Task to carry out: Give all of the data again exactly as written, omitting every image.

Source data:
:::::
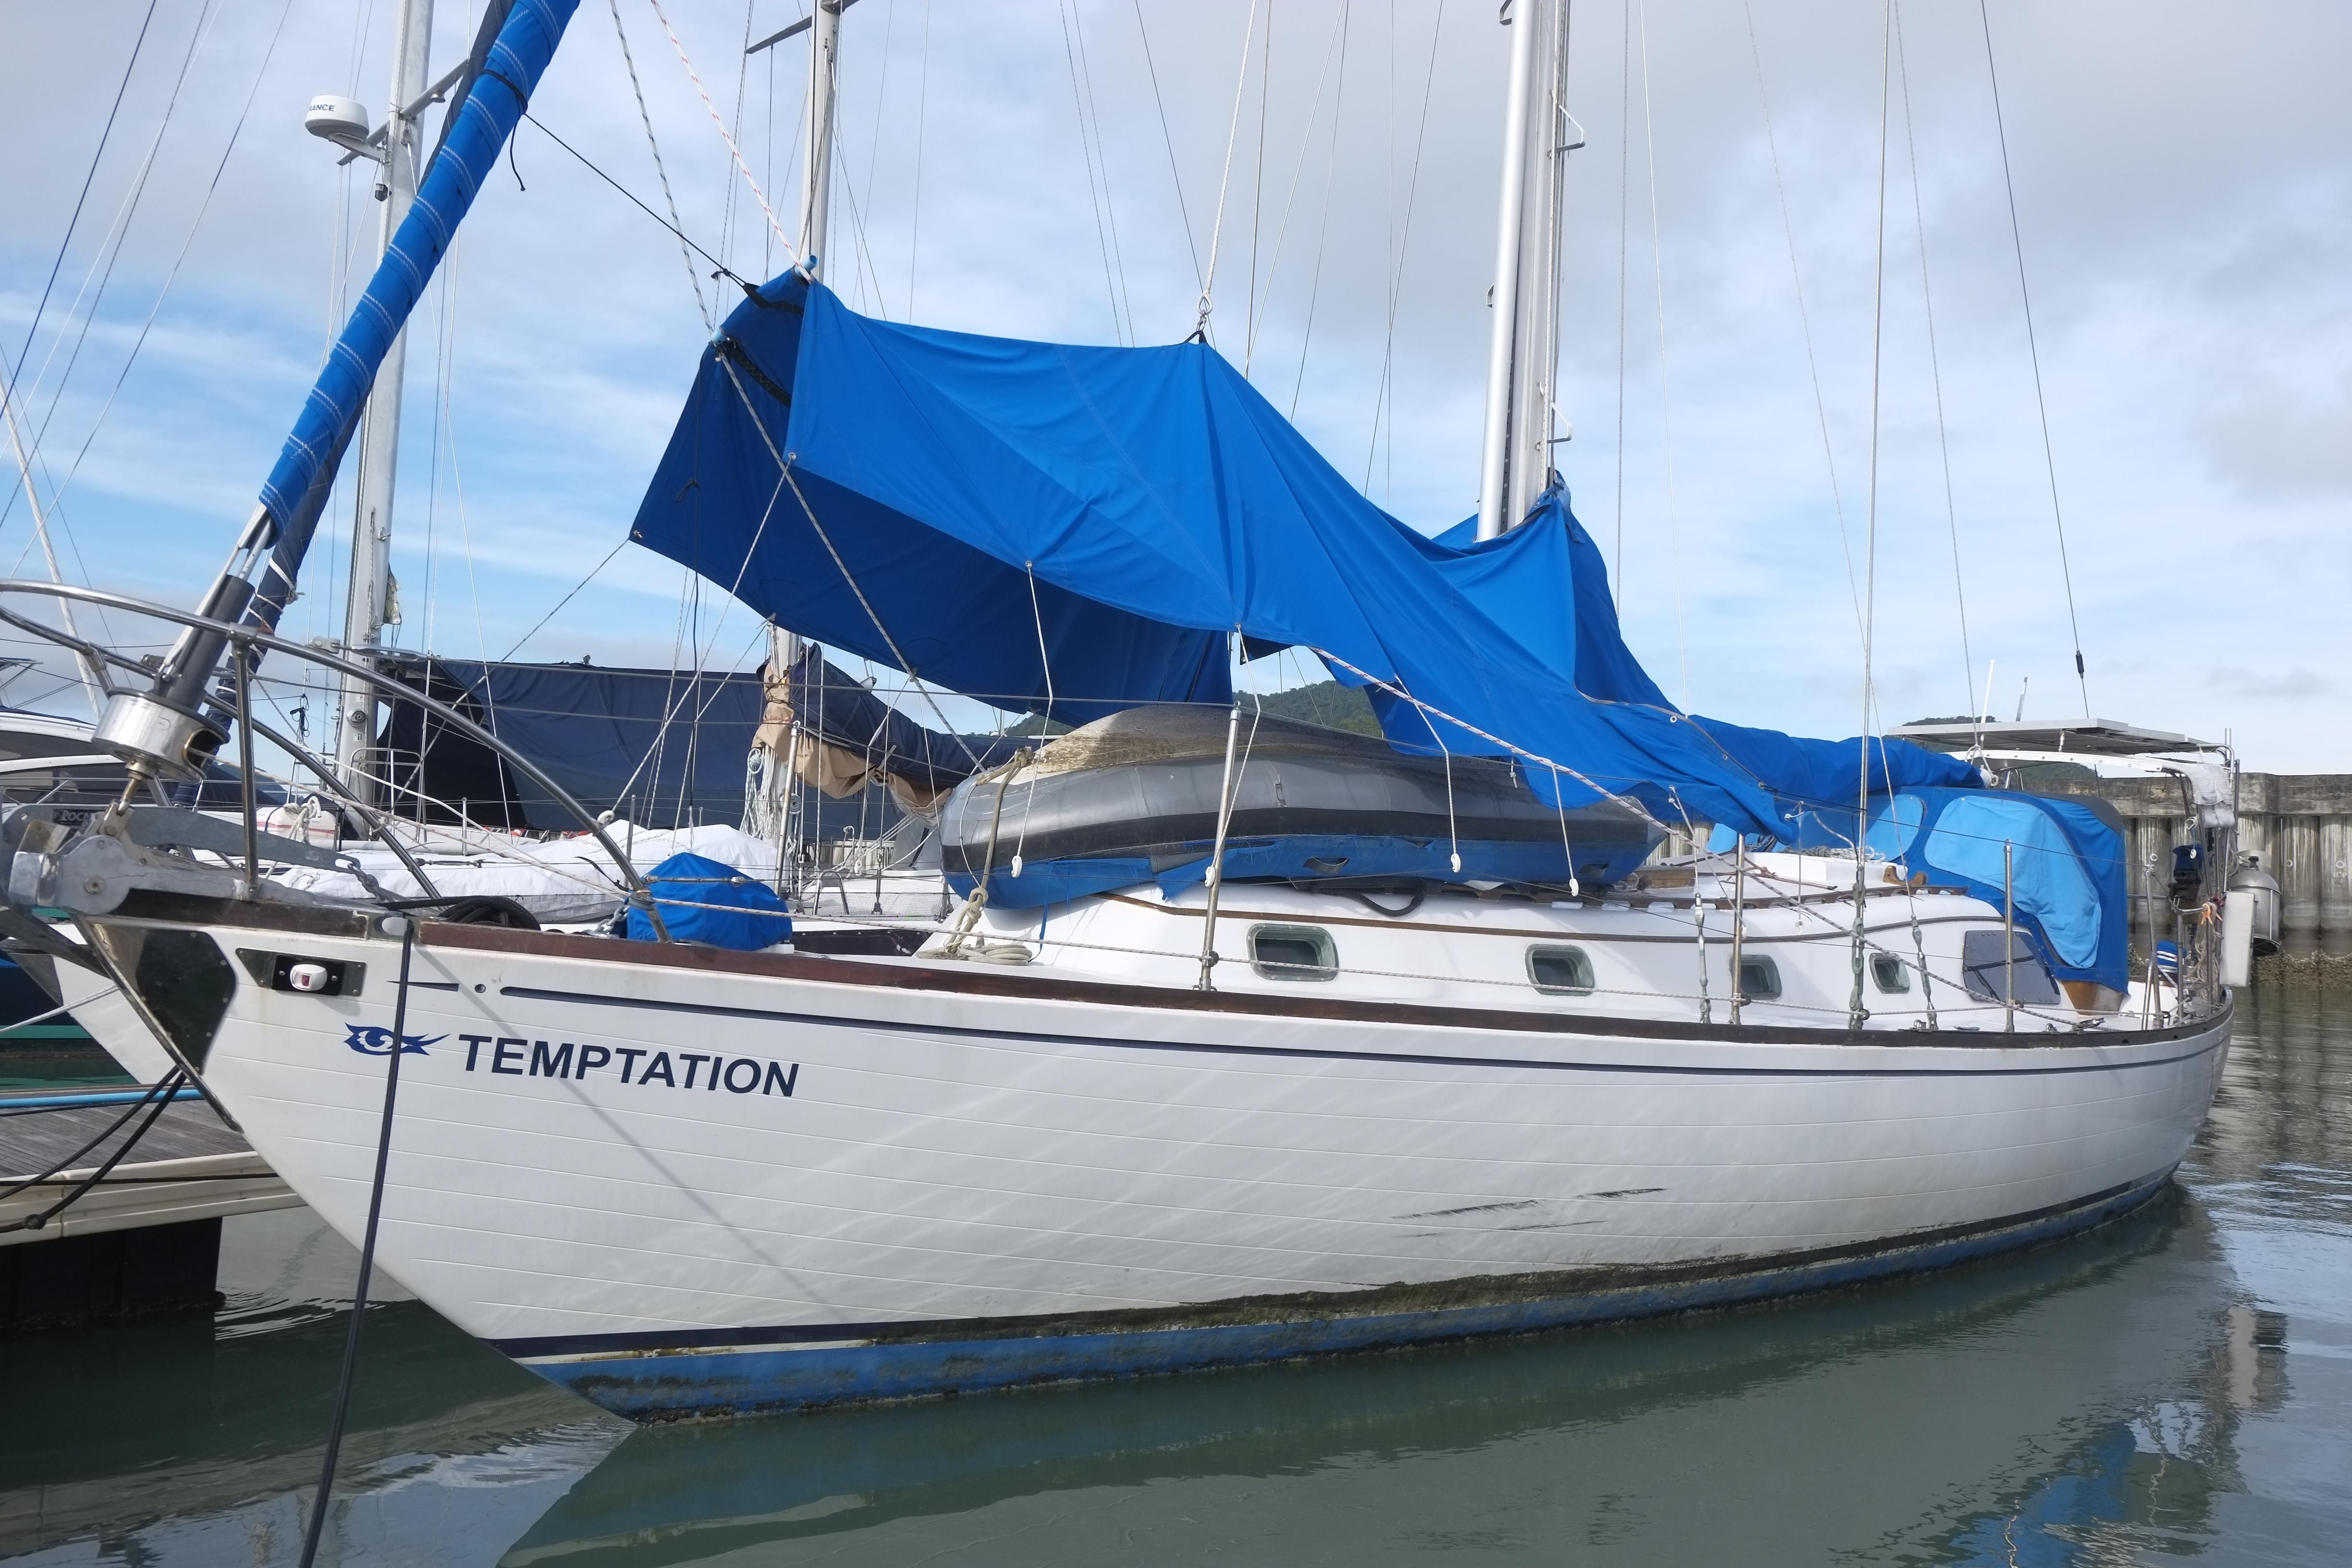 islander 44 sailboat for sale
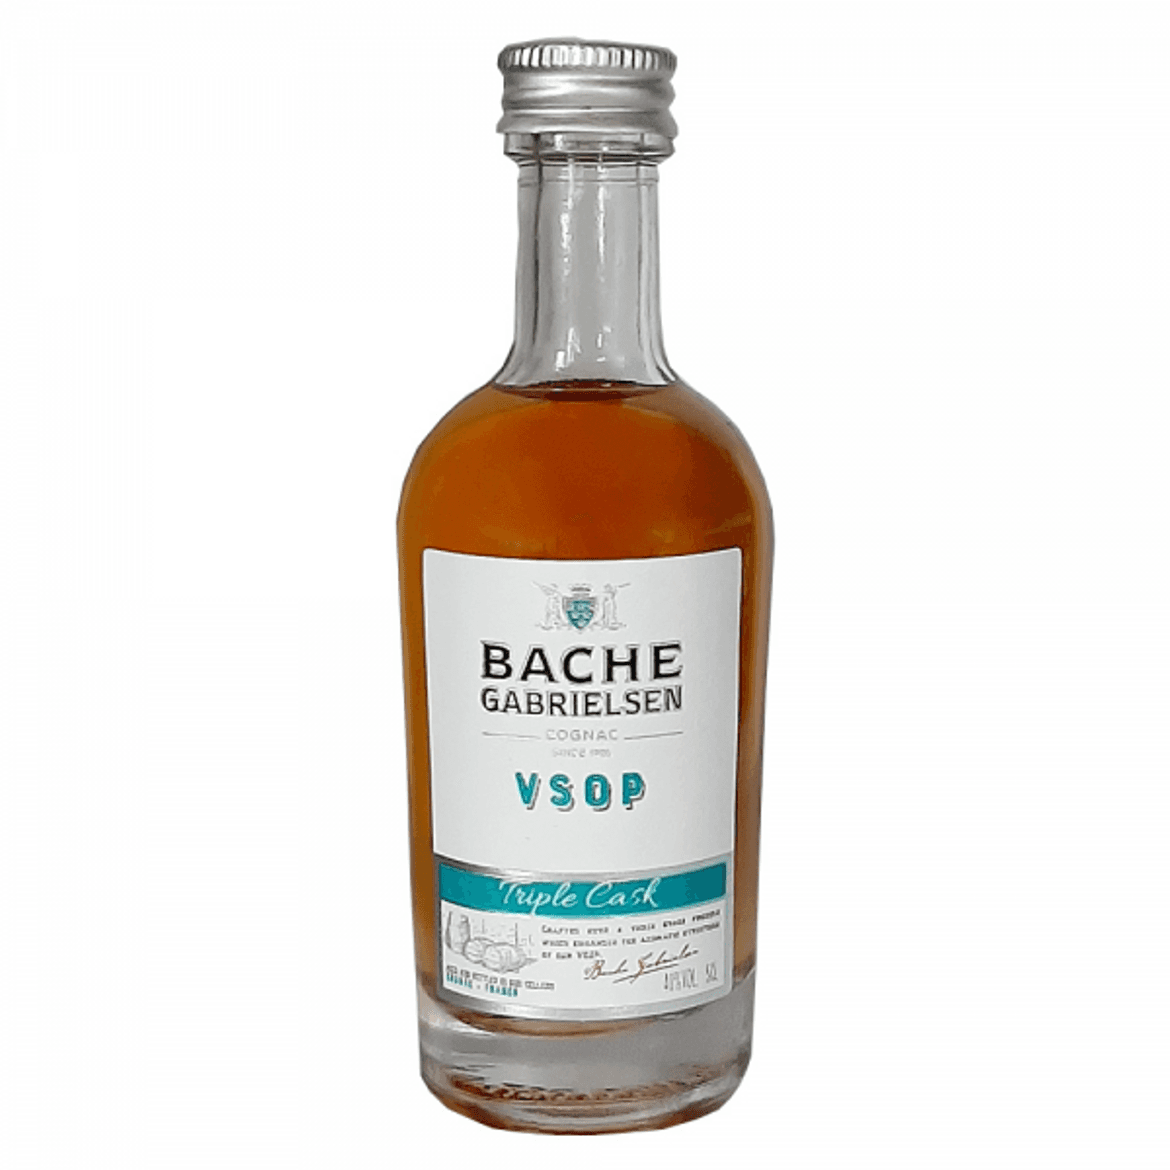 Bache-Gabrielsen VSOP Triple Cask cognac mini 40%
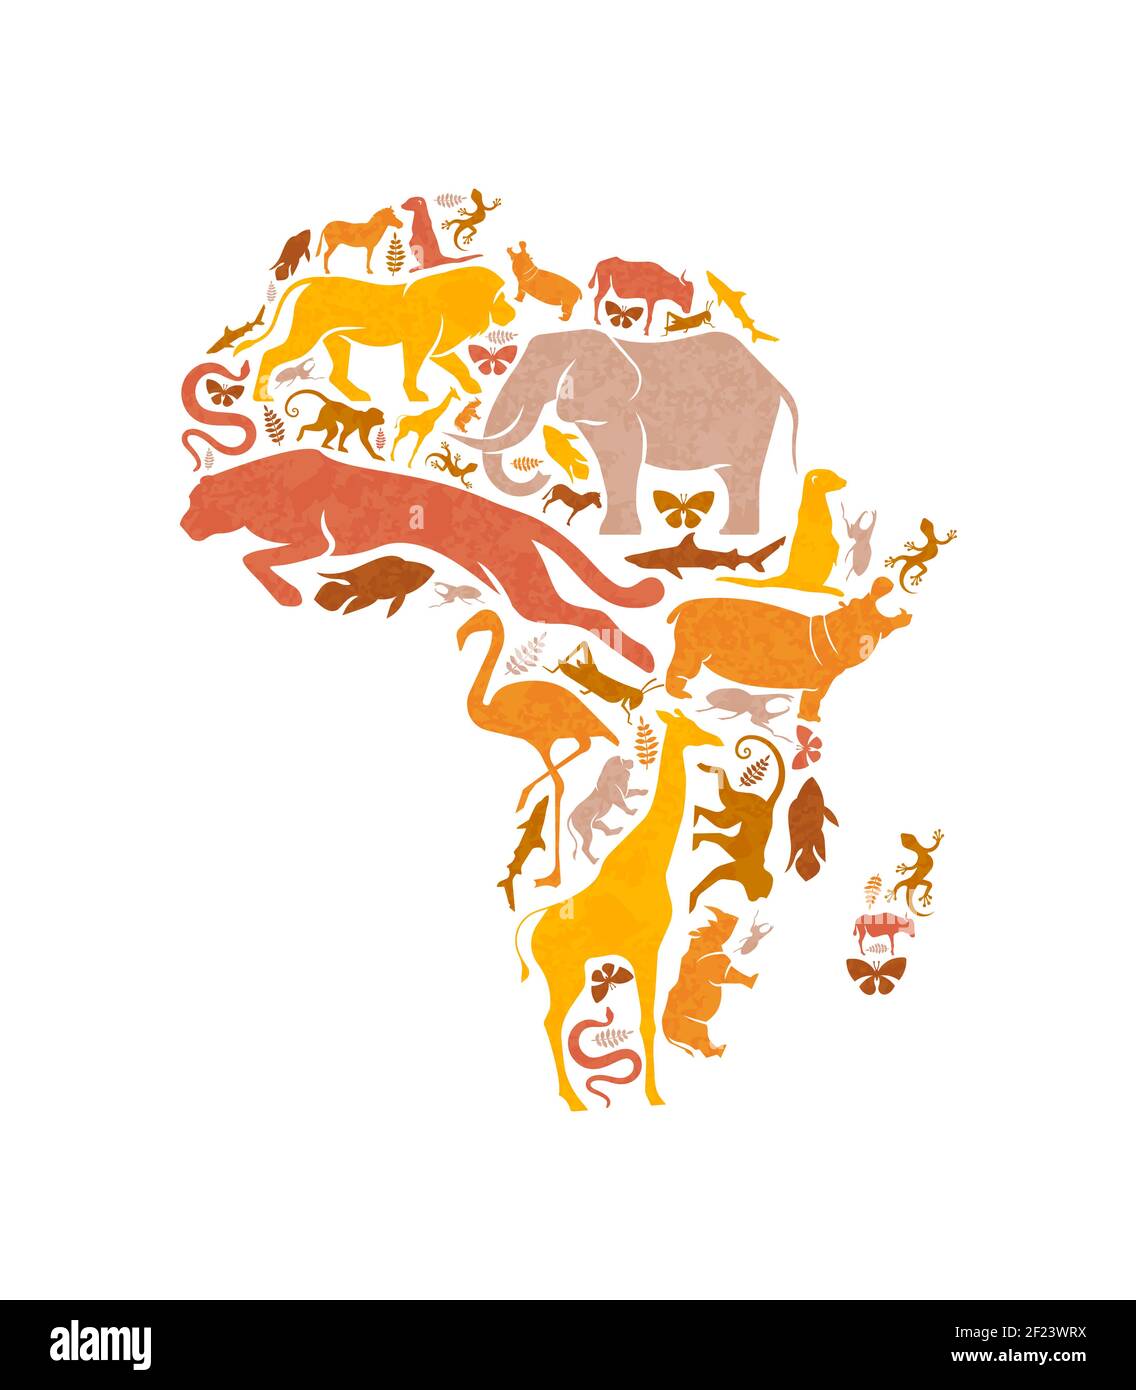 Diverse forme di animali africani che fanno sì che la mappa del continente africano si formi su uno sfondo bianco isolato. Illustrazione della silhouette degli animali da safari per una vita selvaggia Illustrazione Vettoriale
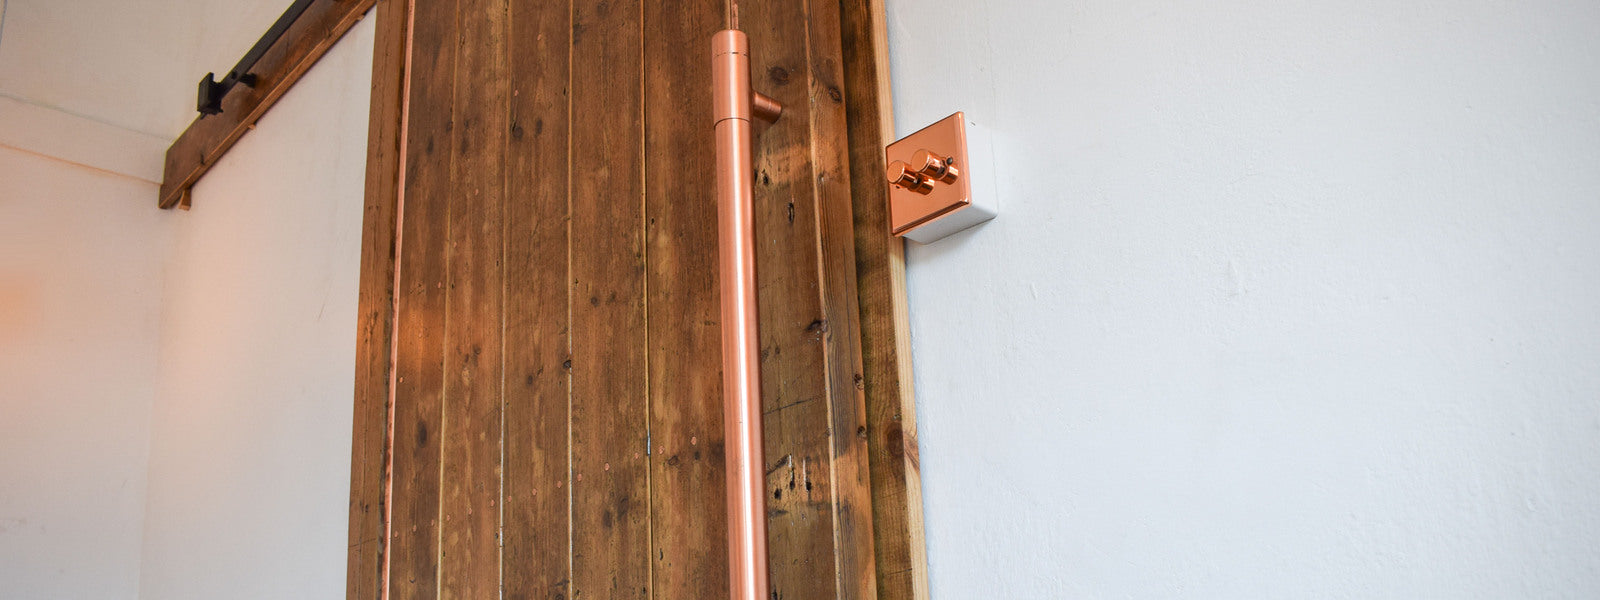 reclaimed wooden door completed with copper handle
:::::
Written reply:
 islander 44 sailboat for sale
 Bache-Gabrielsen VSOP Triple Cask cognac mini 40%
 Diverse forme di animali africani che fanno sì che la mappa del continente africano si formi su uno sfondo bianco isolato. Illustrazione della silhouette degli animali da safari per una vita selvaggia Illustrazione Vettoriale
 reclaimed wooden door completed with copper handle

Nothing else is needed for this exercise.